Ahmed Omar spawn.think@REDACTED
Mon Nov 28 19:54:14 CET 2011


That's nice to know, thanks Raimo :)

On Mon, Nov 28, 2011 at 5:33 PM, Raimo Niskanen <
raimo+erlang-questions@REDACTED> wrote:

> On Mon, Nov 28, 2011 at 05:13:17PM +0100, Ahmed Omar wrote:
> > It's kind of cheating, as it's not documented.(AFAIK)
> > x is euqal to
> > calling dbg:fun2ms(fun(_)-> exception_trace() end).
> > which generates MatchSpec :
> > [{'_',[],[{exception_trace}]}]
> >
> > from documentation of match specs
> > http://www.erlang.org/doc/apps/erts/match_spec.html
> > *exception_trace:* Same as *return_trace*, plus; if the traced function
> > exits due to an exception, anexception_from trace message is generated,
> > whether the exception is caught or not.
>
> Well, if you try dbg:ltp() you will see all your saved match specs
> along with the "predefined" match specs, and this is actually
> documented in dbg.
>
> And, the predefined match specs will most probably not be removed
> nor changed.

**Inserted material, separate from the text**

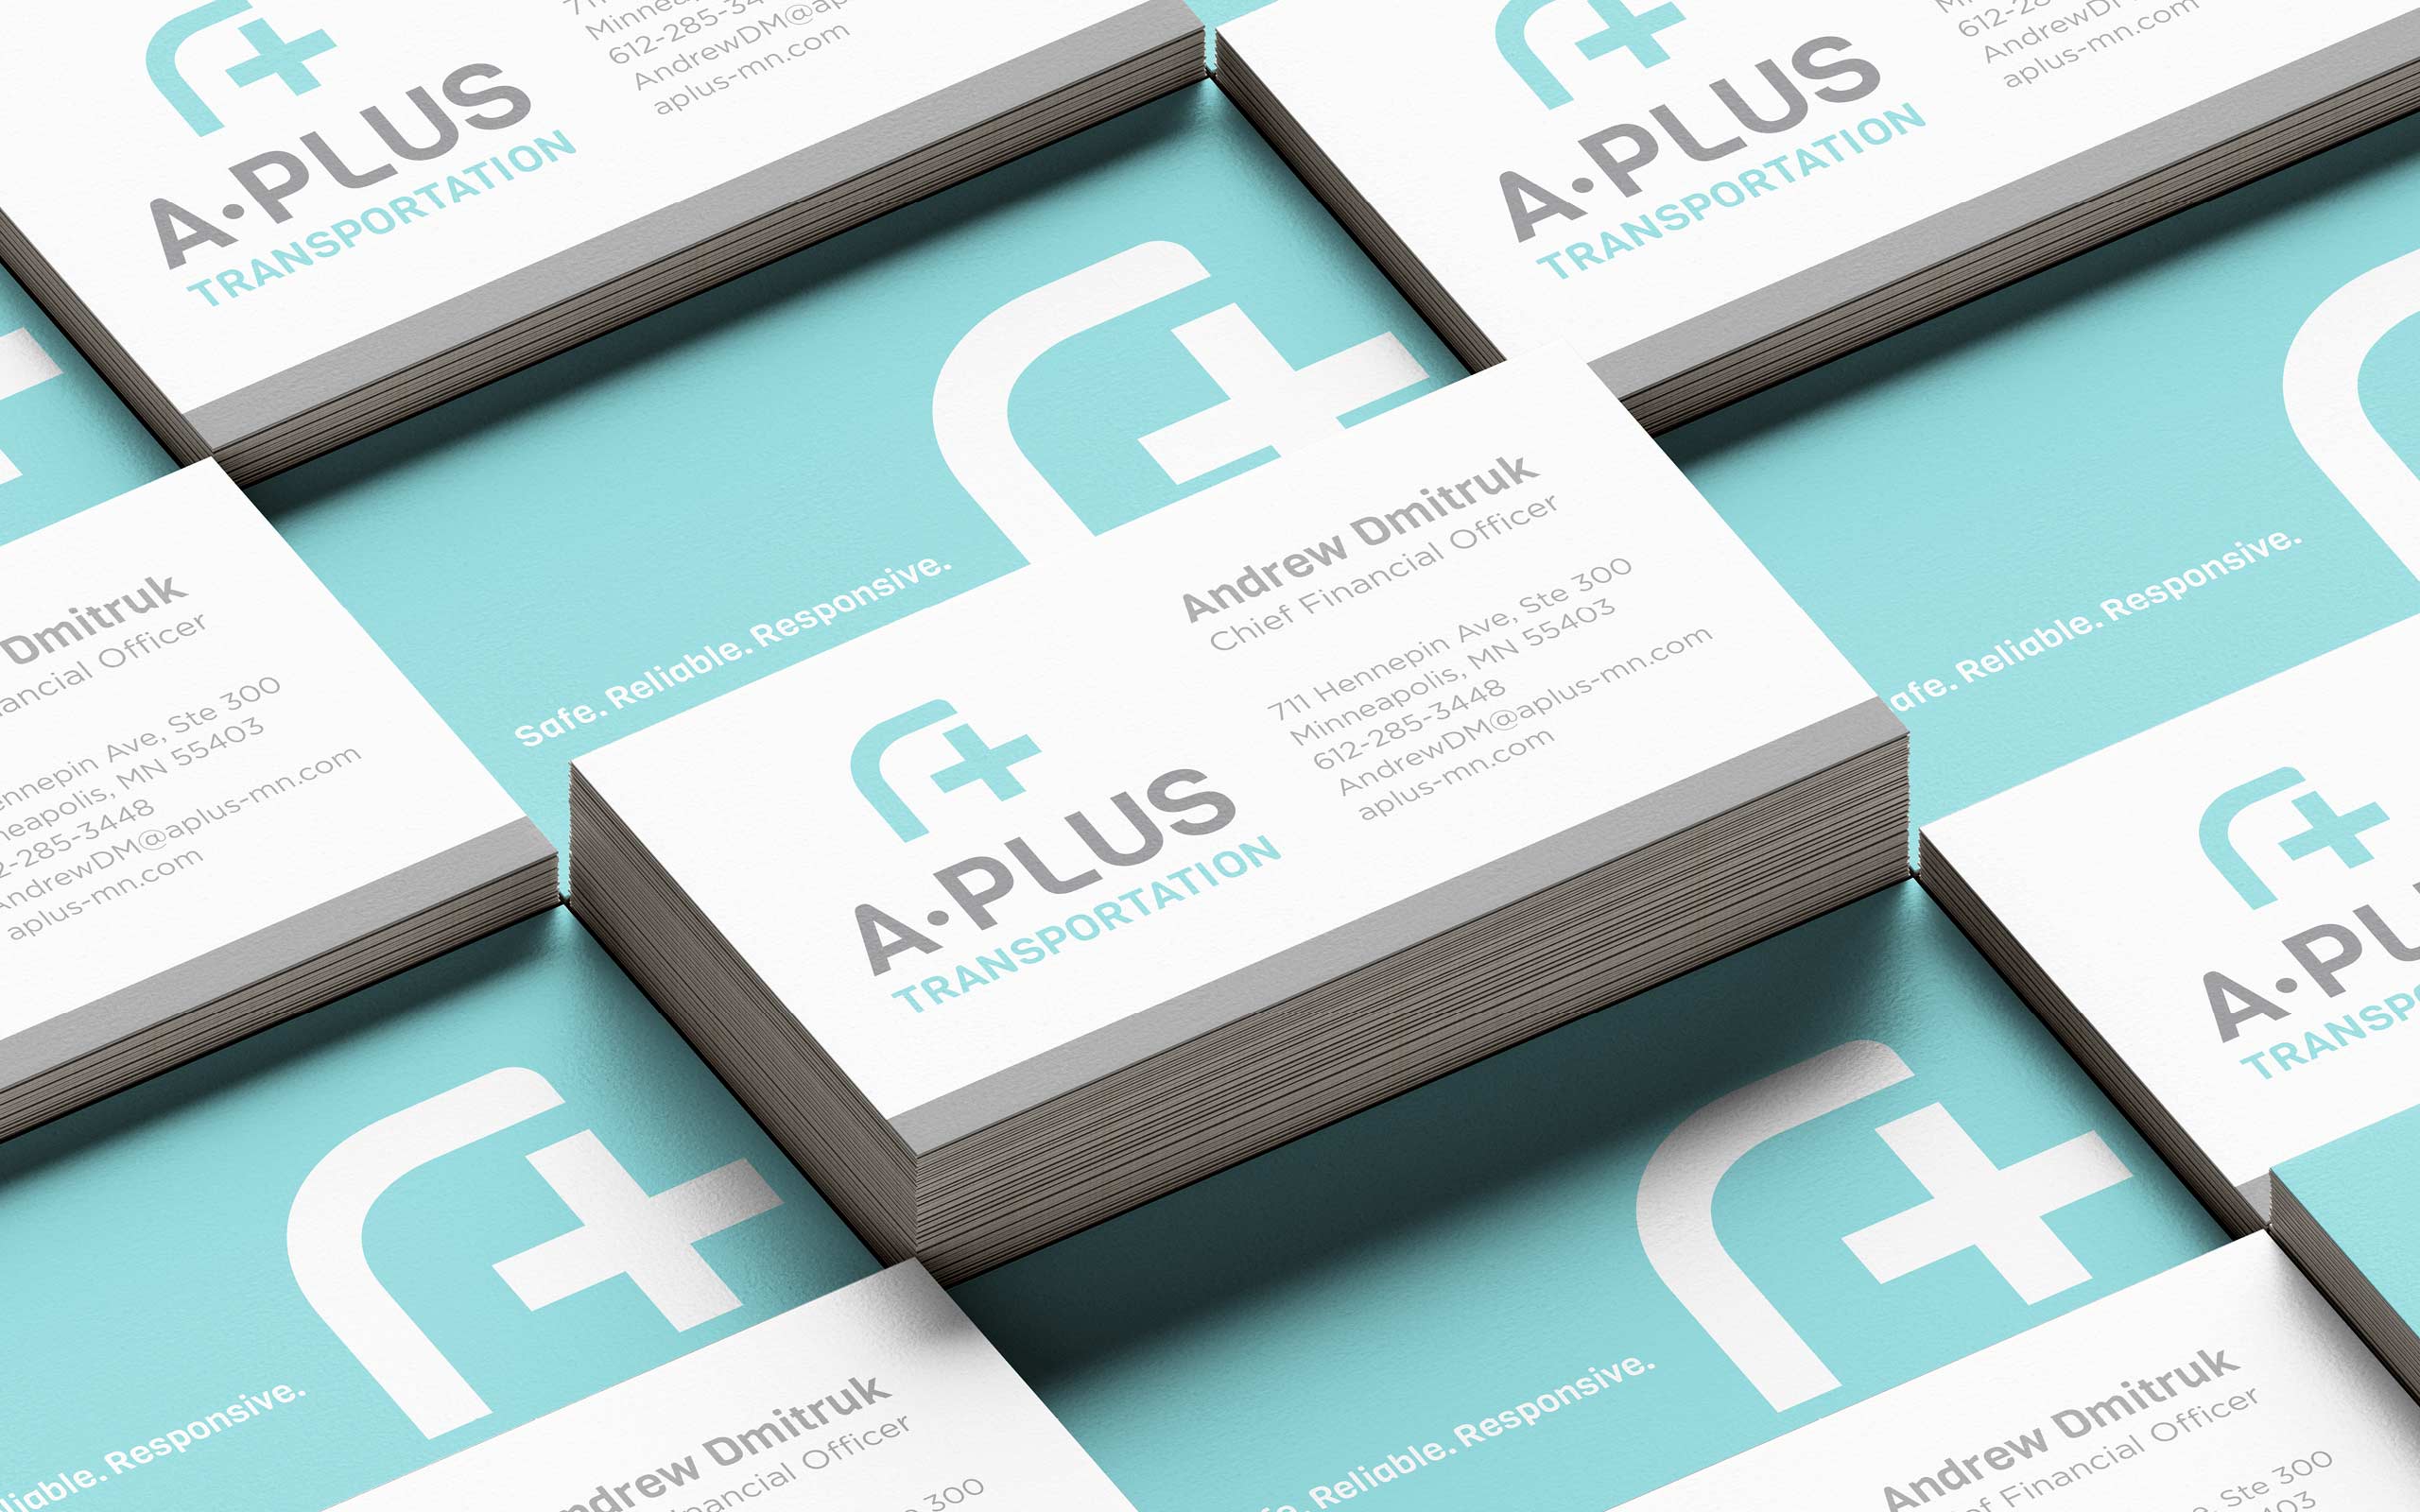 Stacks of A-Plus business cards, arranged in a grid.

Not without very good reason.
>
> So it is not cheating.
>
> In a recent system you will also find predefined match specs
> with the short abbreviations 'c' and 'cx'. Have a look.
>
> >
> > example:
> > 37> dbg:tracer().
> > {ok,<0.85.0>}
> > 38> dbg:tpl(calendar, x).
> > {ok,[{matched,nonode@REDACTED,39},{saved,x}]}
> > 39> dbg:p(all,c).
> > {ok,[{matched,nonode@REDACTED,26}]}
> > 40> calendar:local_time_to_universal_time(33).

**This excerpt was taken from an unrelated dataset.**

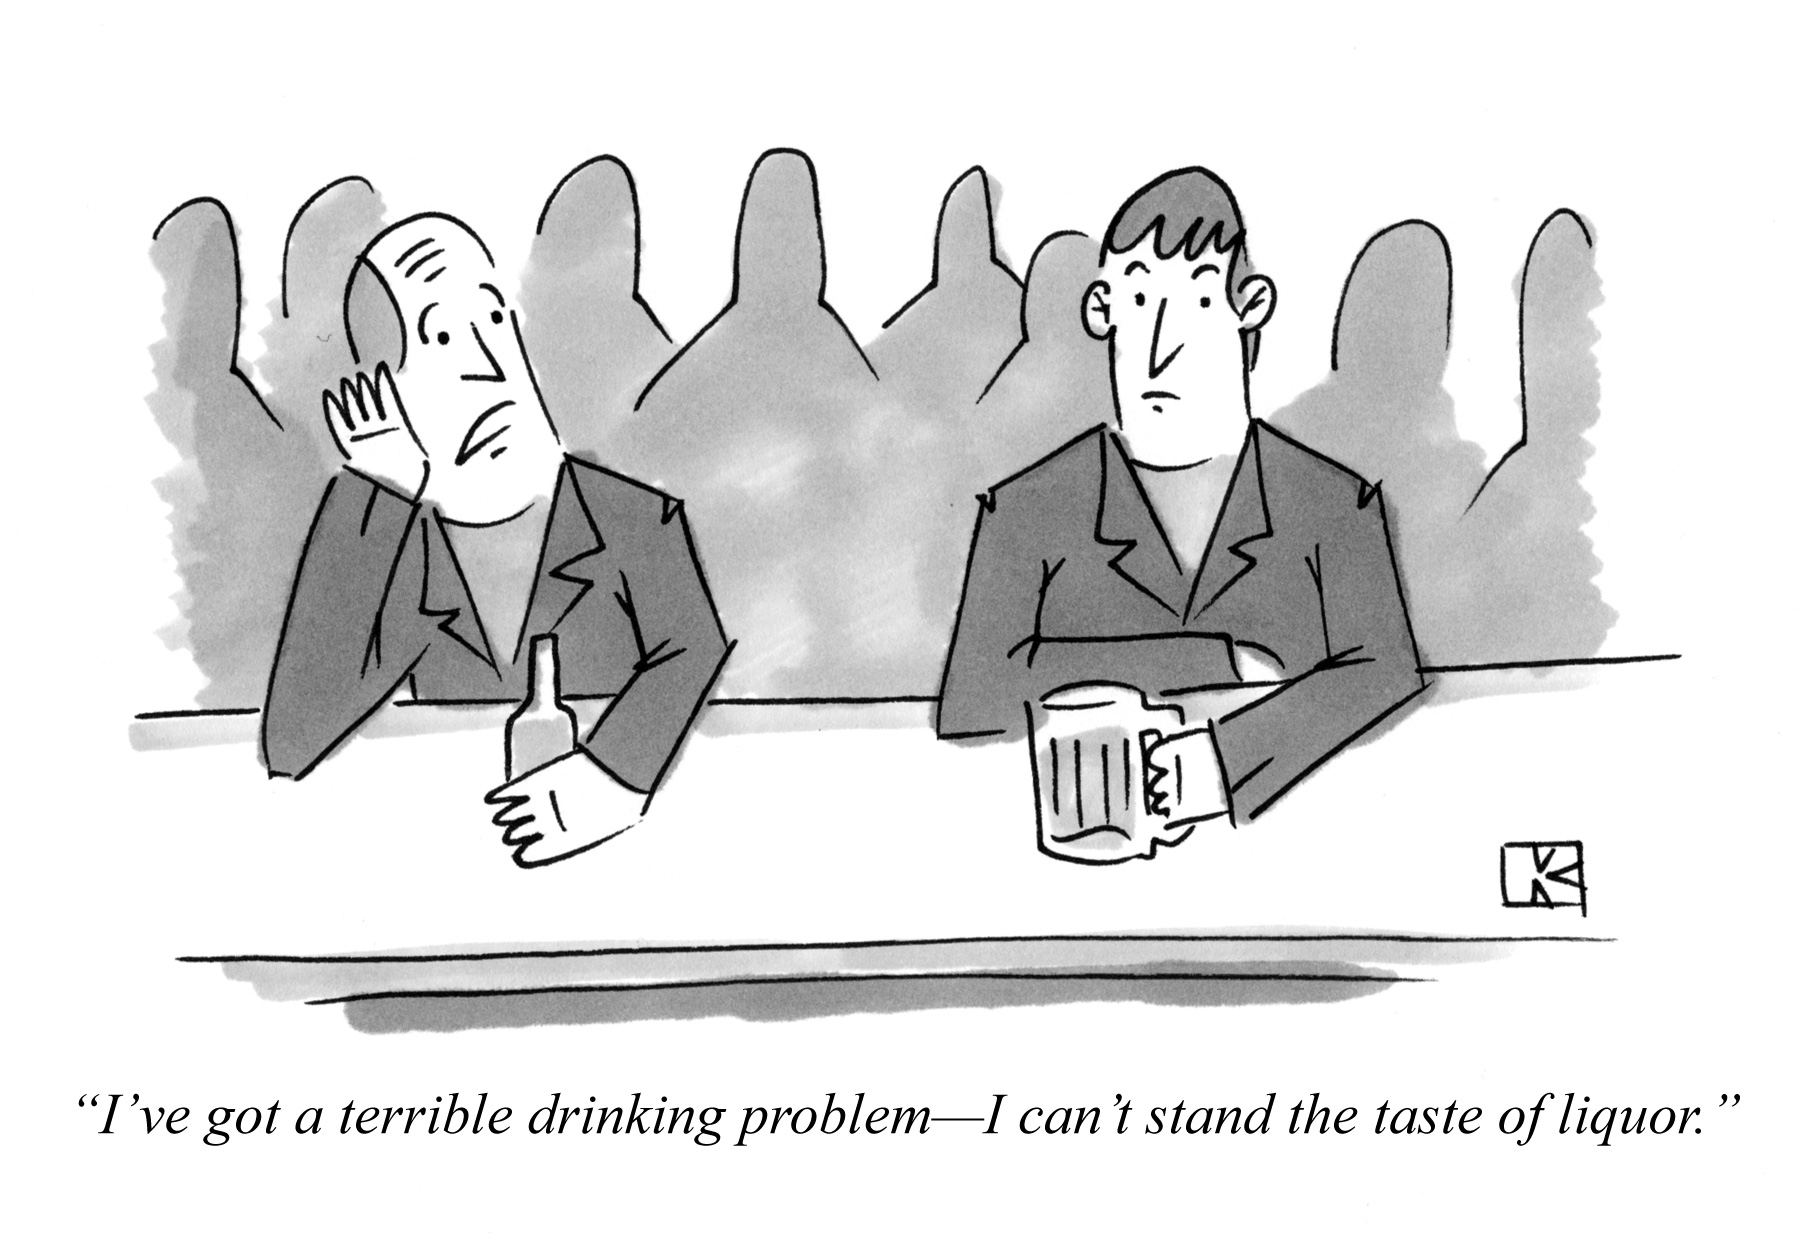 I've got a terrible drinking problem—I can't stand the taste of liquor.

> > (<0.83.0>) call calendar:local_time_to_universal_time(33)
> > (<0.83.0>) exception_from {calendar,local_time_to_universal_time,1}
> > {error,badarg}
> > ** exception error: bad argument
> >      in function  erlang:localtime_to_universaltime/2
> >         called as erlang:localtime_to_universaltime(33,undefined)
> >      in call from erlang:localtime_to_universaltime/1
> >
> >
> > I think better use the documented form :)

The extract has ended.